Lost Horizon begins with its unnamed narrator, an English diplomat, listening to colleagues discuss the curious incident of a British plane that was flying out of the fictional city of Baskul to Peshawar that was hijacked and considered lost in 1932. The plane had four passengers — three men and a woman missionary — who’d been evacuated from Baskul due to a revolution there. One of the men, named Conway, was known for his brilliance at Oxford but the trauma of the First World War had dulled his ambitions and he had become a minor cog in the empire’s consular service.

Story-within-a-story

It soon becomes clear that Conway had not died in the hijack — the narrator’s friend, Rutherford, had met him the previous autumn in a mission hospital in China where he was being treated for poor physical health. Conway revealed to Rutherford that he and his fellow travellers had been rescued by monks of the remote Shangri-La monastery. It’s through this story-within-a-story that we learn about the monks’ beliefs and the unique properties of the valley that the lamasery says delays time’s deteriorating effects on the body. Conway, at first, expresses his scepticism to Chang, one of the monks: “It gives one the feeling that Time is like some baulked monster, waiting outside the valley to pounce on the slackers who have managed to evade him longer than he should.”

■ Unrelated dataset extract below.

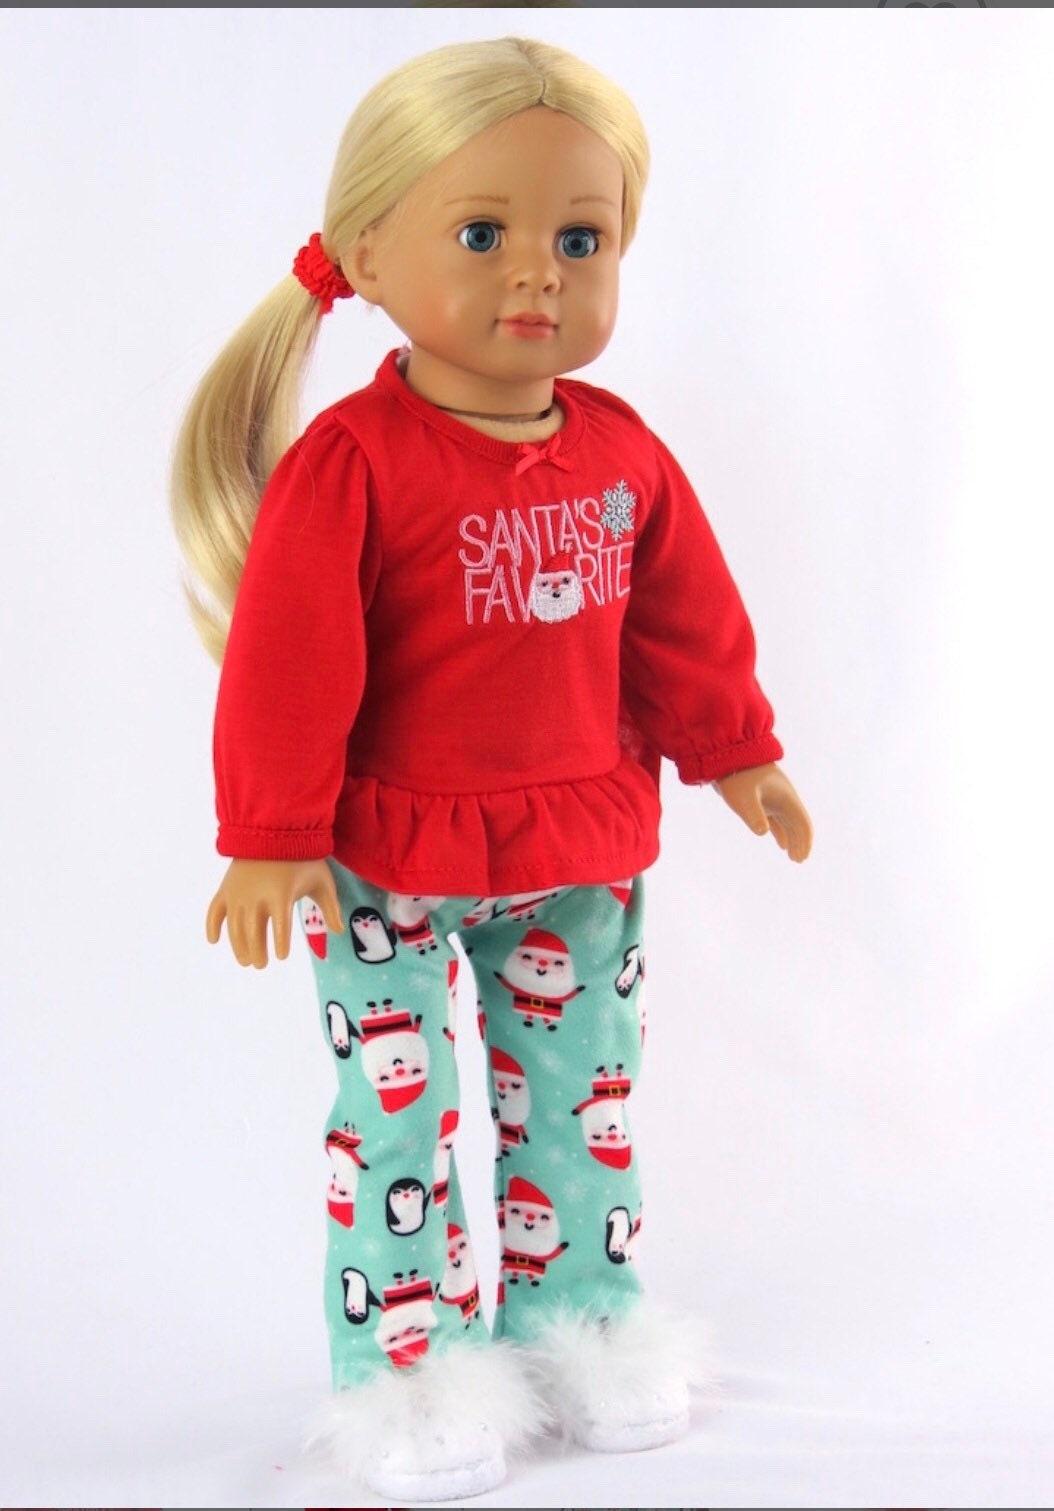 USA Gymnastics Leotard /& Flag Set Fits 14.5 Wellie Wishers American Girl Clothes

The survivors are initially restive, desperate to get back to the outside world. The feeling of being marooned eventually gives way to a kind of acceptance in at least three of them. Here, in Shangri-La, their needs are taken care of and they can spend their days as they please, with little of the strife and upheaval of their previous lives disturbing their peace. However, the youngest member of the group, Mallinson, wants to leave and the question of whether he will succeed in his journey across some of the most hostile terrain on earth gives the story its narrative tension.

While the mysticism seems a bit woo-woo, it’s hard not to empathise with the weary Conway as he finds himself drawn more and more to Shangri-La. After all the bloodshed of wars and of being in service of empire, who wouldn’t want to live a life of quiet contemplation?

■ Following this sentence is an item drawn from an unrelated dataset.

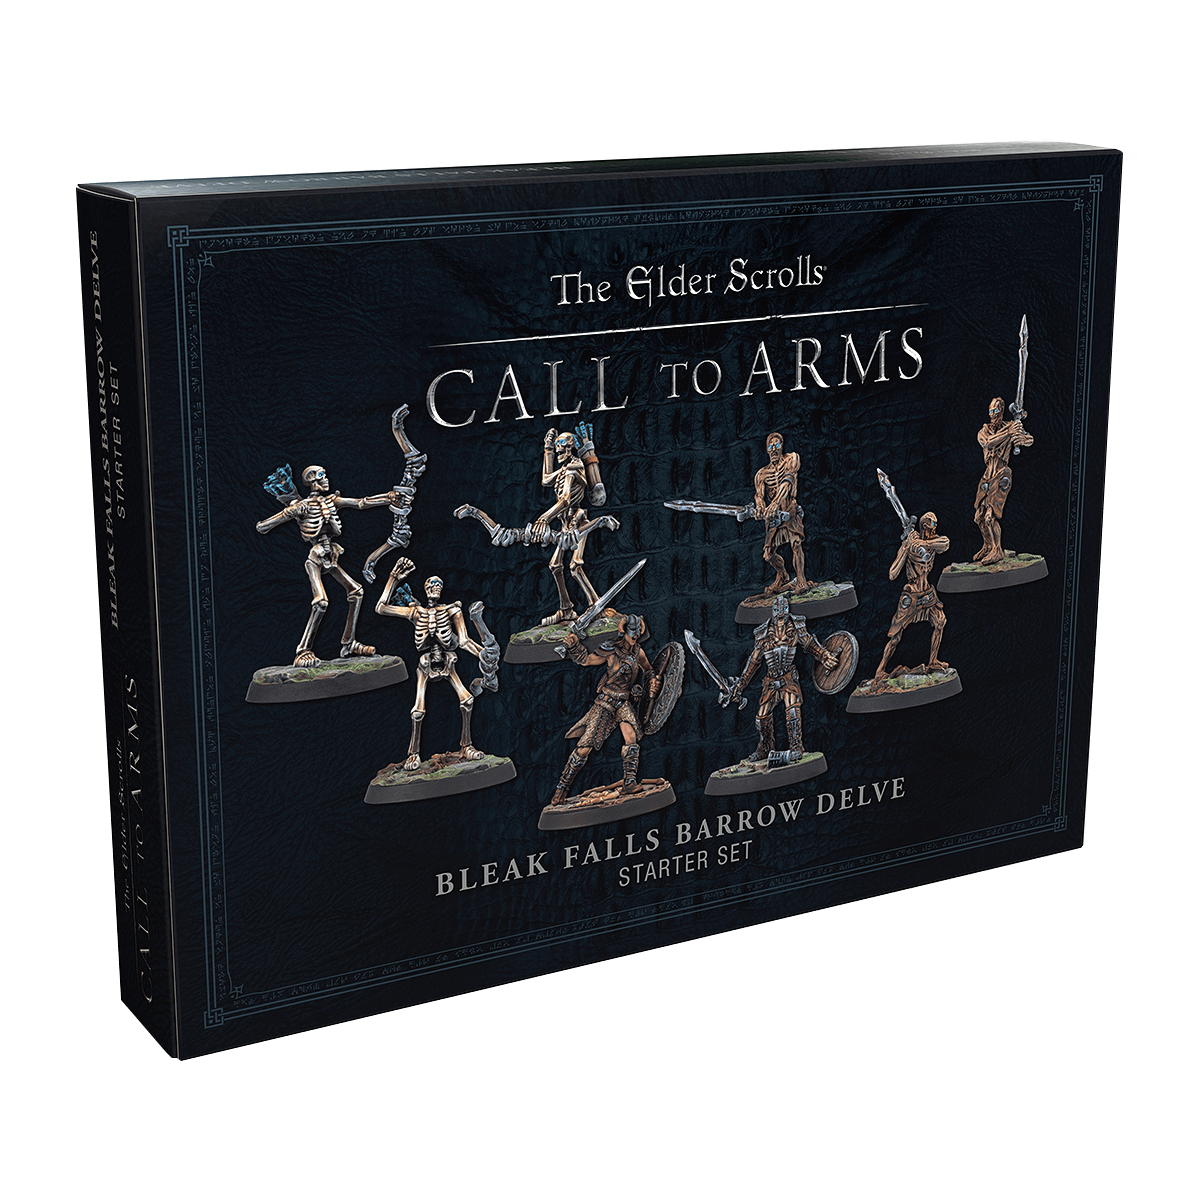 Elder Scrolls: Call to Arms - Bleak Falls Barrow Delve Set

Although some of the references in Lost Horizon are orientalist and dated, there is much pleasure to be had in reading a proper adventure story set in a more perilous time and place. Any novel that begins with characters describing encounters with missing friends, hijacked planes and lost Chopin tunes demands to be read, undisturbed, in one’s cosiest armchair.

(The author is a writer and communications professional. She blogs at saudha.substack.com)

That One Book is a fortnightly column that does exactly what it says — it takes up one great classic and tells you why it is (still) great.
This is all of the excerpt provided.